Take, for example, the idea of "People's QE" that Corbyn floated as a possible policy during his election campaign. That involved funding a National Investment Bank using new money created by the Bank of England. Many economists, including the LSE's growth commission, like the idea of a National Investment Bank, and others would also agree there is scope to improve on QE, the Bank's money creation programme. However the Bank is unlikely to undertake any further QE over the next few years, so People's QE seemed to imply ending the Bank's independence. As there is still widespread support among economists for independence, pursuing this particular conception of People's QE would have been divisive. Perhaps as a result, in a Financial Times article in mid-October John McDonnell wrote that Bank independence was sacrosanct.
In that article he also announced setting up a group to look at the Bank of England's remit, and other groups may follow. So Labour's economic policy will gradually emerge from a combination of external advice and dialogue between the leadership and the parliamentary party.

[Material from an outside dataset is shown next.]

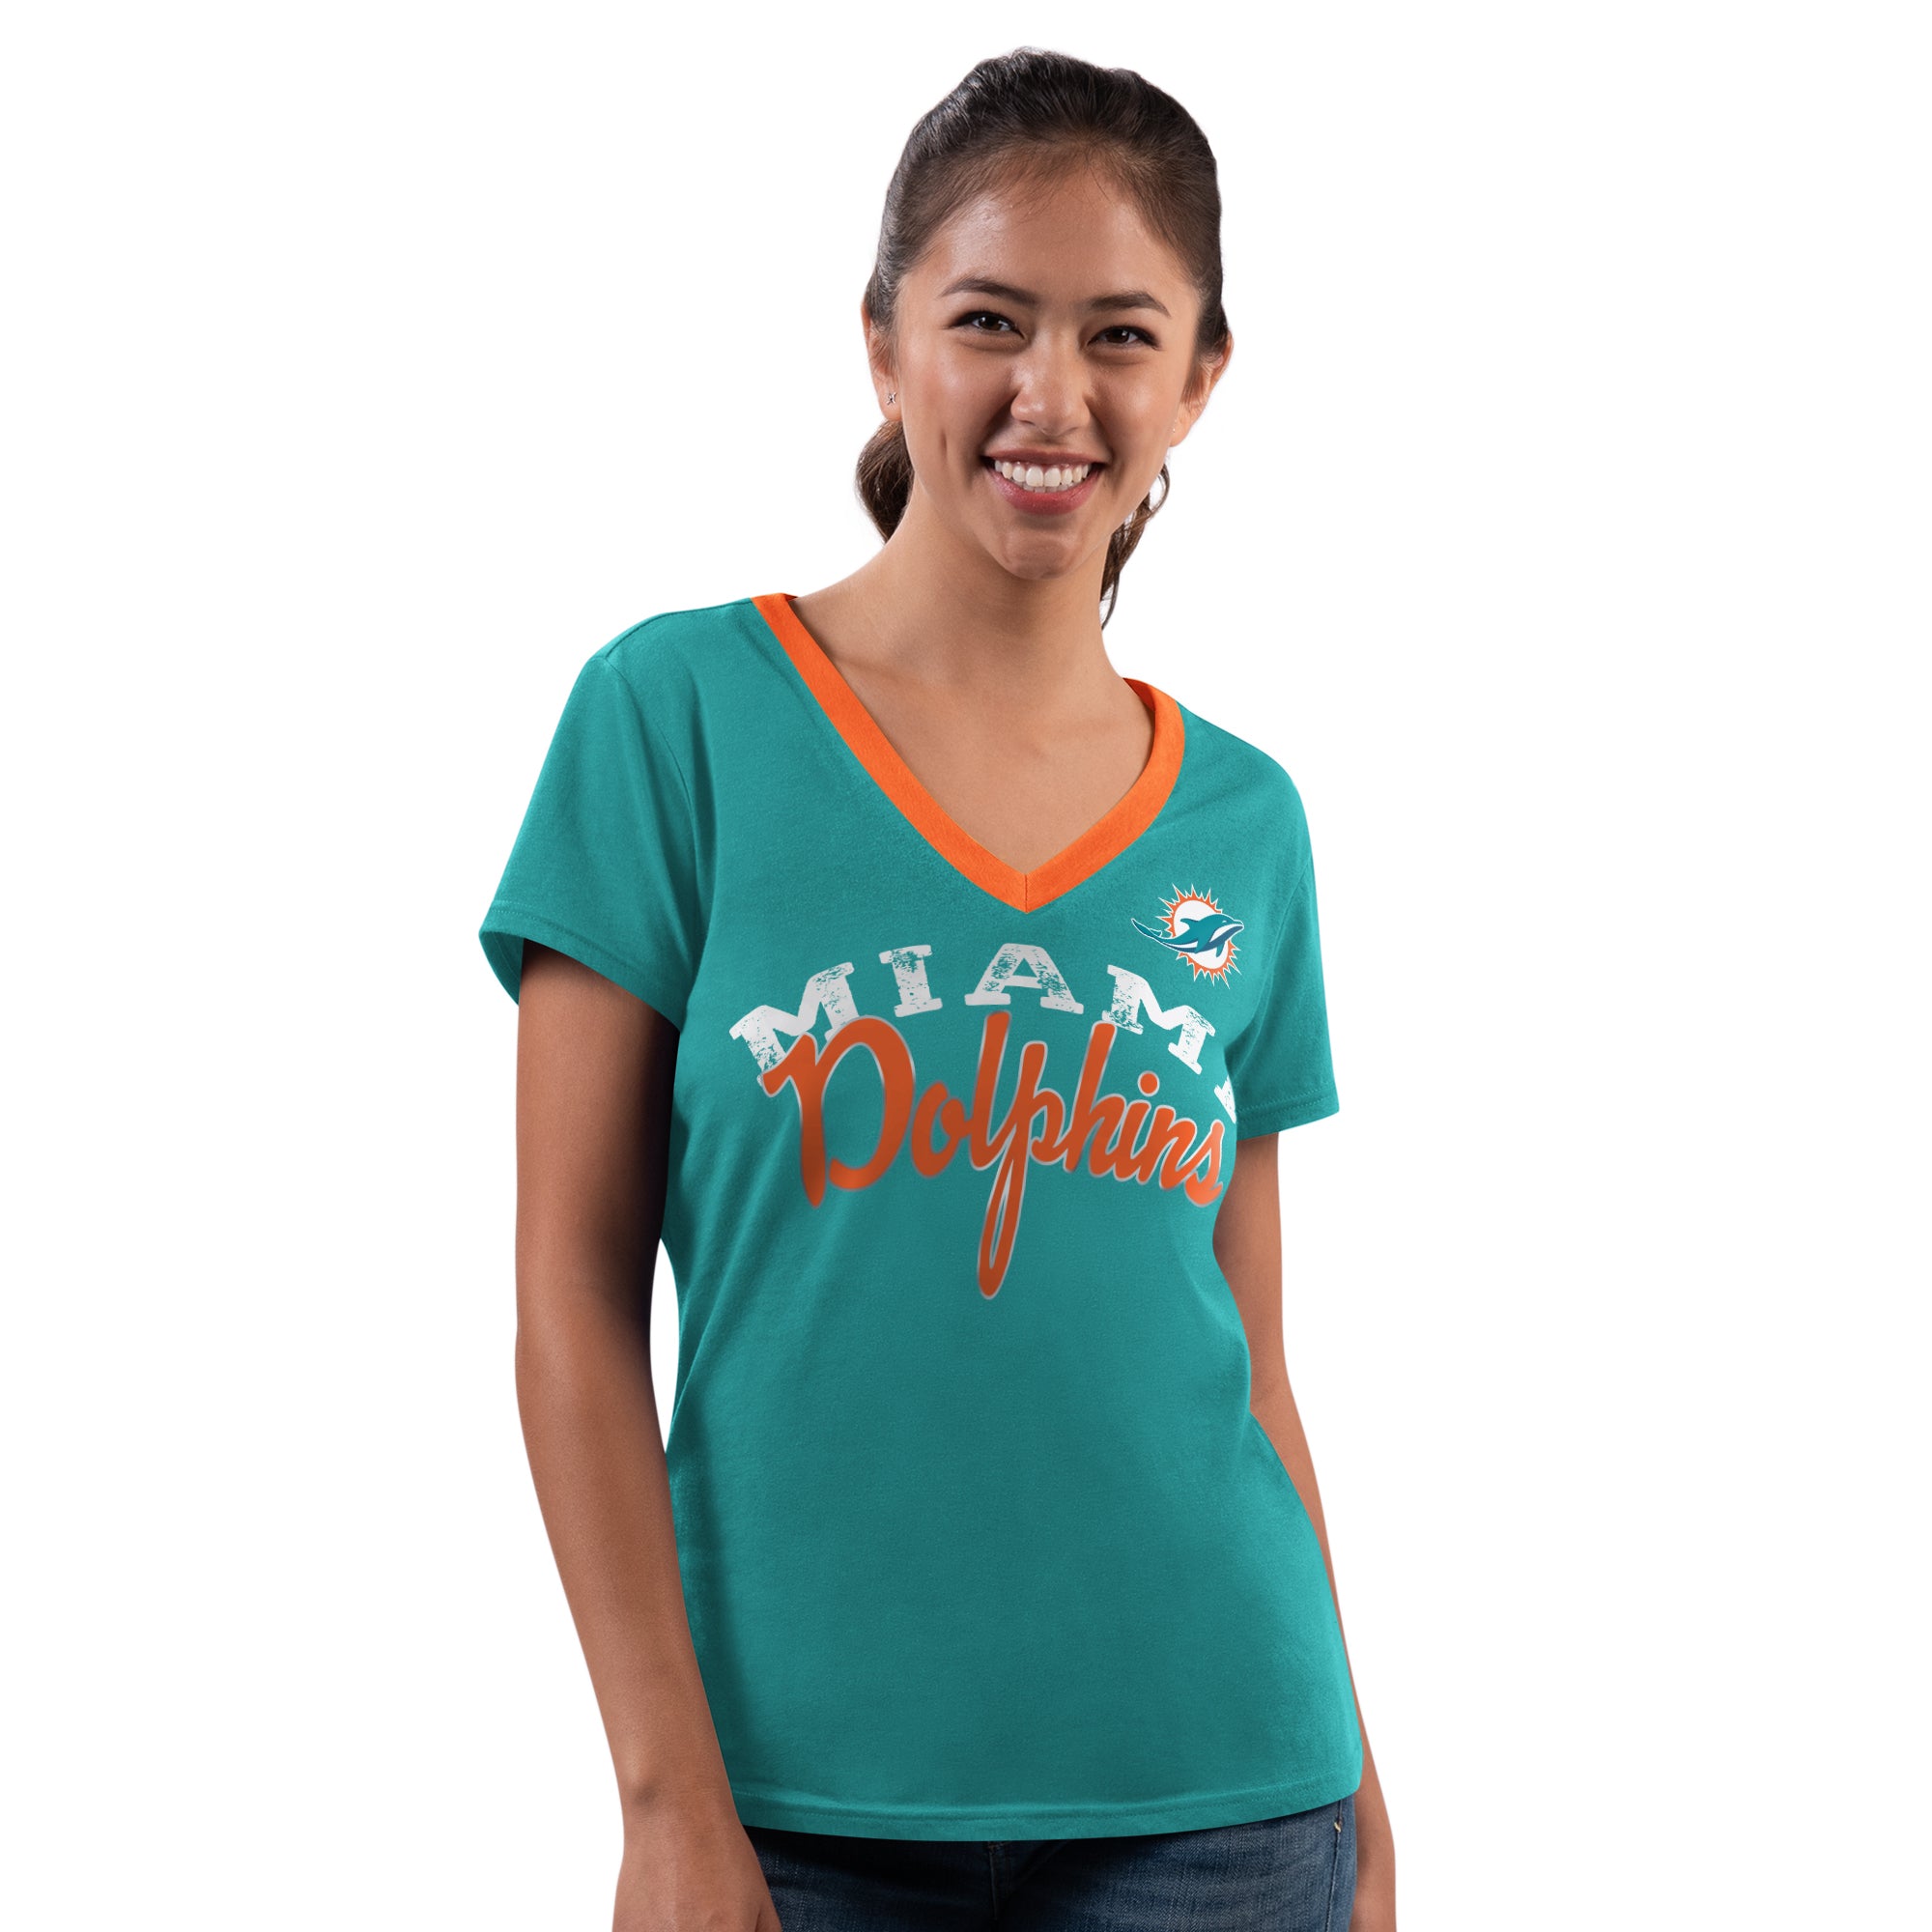 Miami Dolphins Glll 4Her Women's V-Neck Open Back T-Shirt - Aqua

Of course we can still speculate about what will emerge. Undoubtedly it will involve a more favourable view of the state than the current government. Even those who supported austerity back in 2010 now think Osborne is using the deficit as an excuse to shrink the state. I do not know of any economist who has backed his new fiscal charter, and I expect Labour to adopt fiscal rules that allow borrowing to finance higher public investment at a time when interest rates remain low. Such a rule could still be consistent with reducing government debt as a share of GDP.

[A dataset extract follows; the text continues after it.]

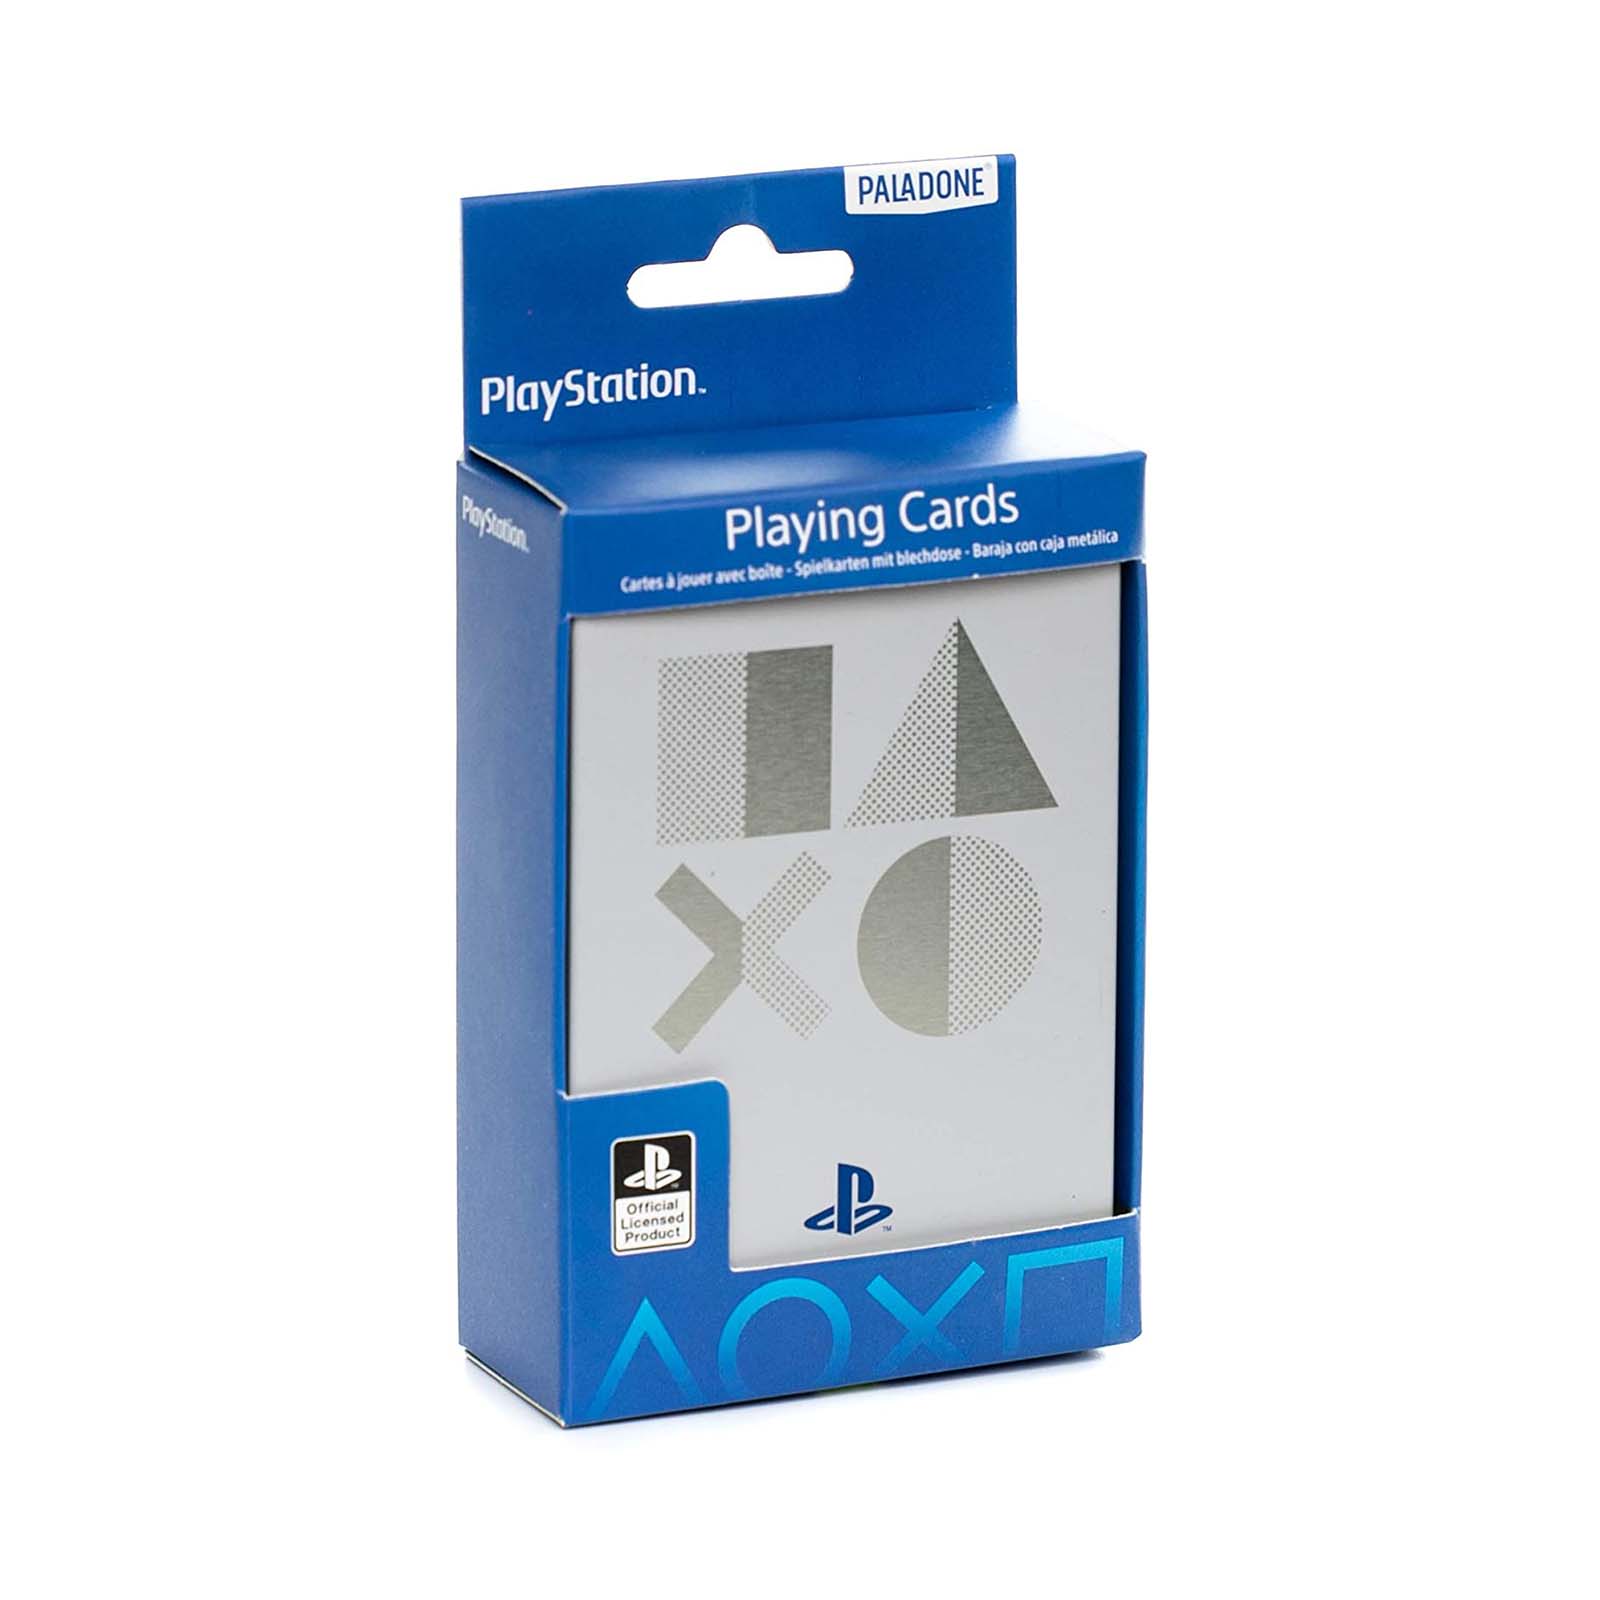 Paladone Playstation PS5 Playing Cards

A different view of the state does not just imply a larger state than Osborne currently plans, but also a more positive attitude towards the role of the state in promoting economic growth. This idea is exemplified by the work of Advisory Council member Mariana Mazzucato. In her book The Entrepreneurial State she shows that the most important factor behind iconic new technology like the iPhone is state directed applied research. The state should not just be an enabler of innovation, but a driver of it.
Elsewhere policy will respond to the successes and failures of the last Labour government. I was among a number of academics who contributed to a review of Labour's economic record in government, and there were many success stories. This tends to be forgotten because the Conservative Party with media help has succeeded in linking the recession and the need for austerity to the last Labour government's alleged fiscal profligacy. In reality the recession was the result of a global financial crisis, which in turn was by far the major factor behind the rising budget deficit. The idea that before the recession the UK was experiencing a debt-fuelled boom is also based on little more than a kind of backward induction following the recession.

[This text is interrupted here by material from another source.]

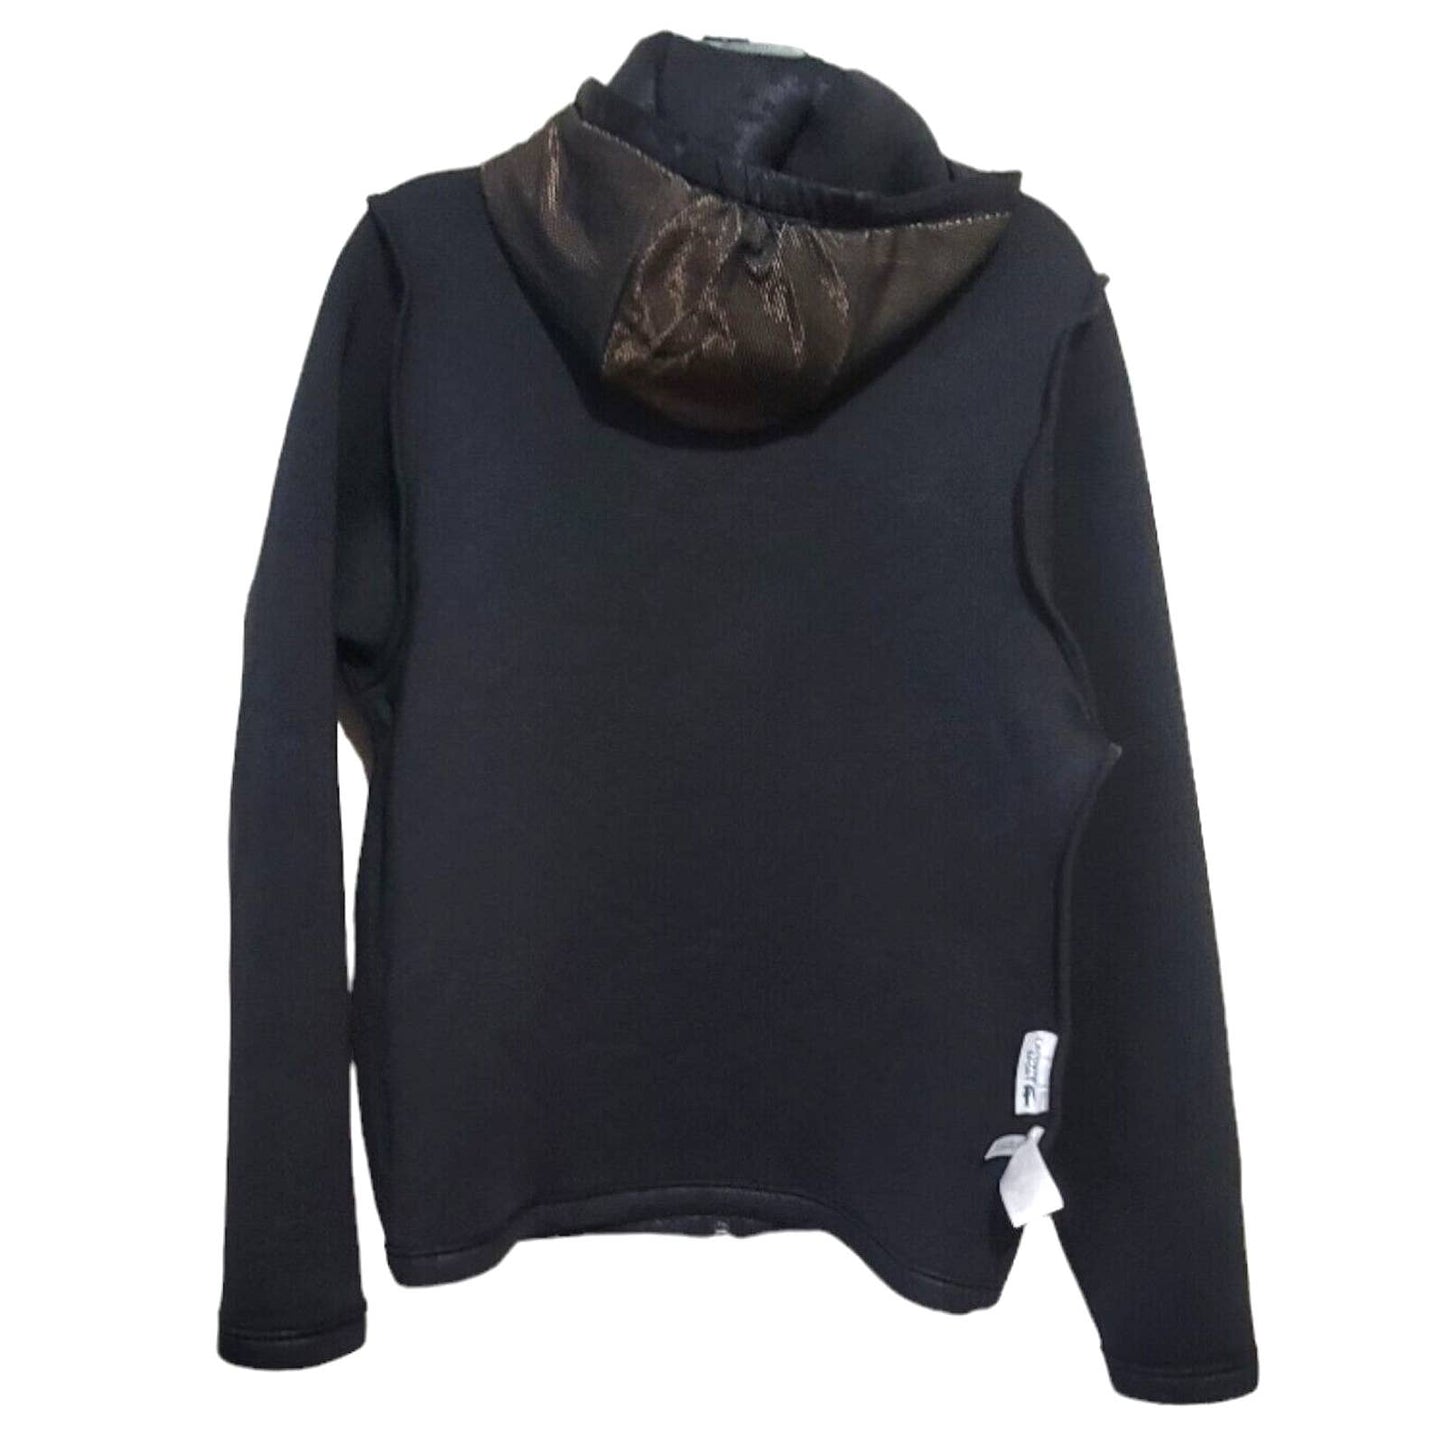 (Used) Lacoste Hooded Zip Men Sweatshirt Size M

There are two major areas where I expect economic policy to be rather different from the last Labour government. One is the regulation of finance: many economists would view policy changes since the global financial crisis as too little to prevent another crisis. A second is inequality. While the last Labour government did a great deal to reduce poverty (some of which, like tax credits, the current government is trying to reverse), they were famously relaxed about inequality, and in particular the incomes of the top 1 per cent. The issues are linked, because finance has driven a large part of the rising share of the 1 per cent.
It is here that Labour faces one of its most difficult challenges. Perceptions about lack of economic competence were critical in Labour's defeat in 2015. The issue of the deficit will have lost much of its power by 2020, but any policies to reduce inequality and increase financial regulation will be sure to be branded as unfriendly to business. Will these measures be seen by the electorate as damaging or enhancing Labour's economic credibility?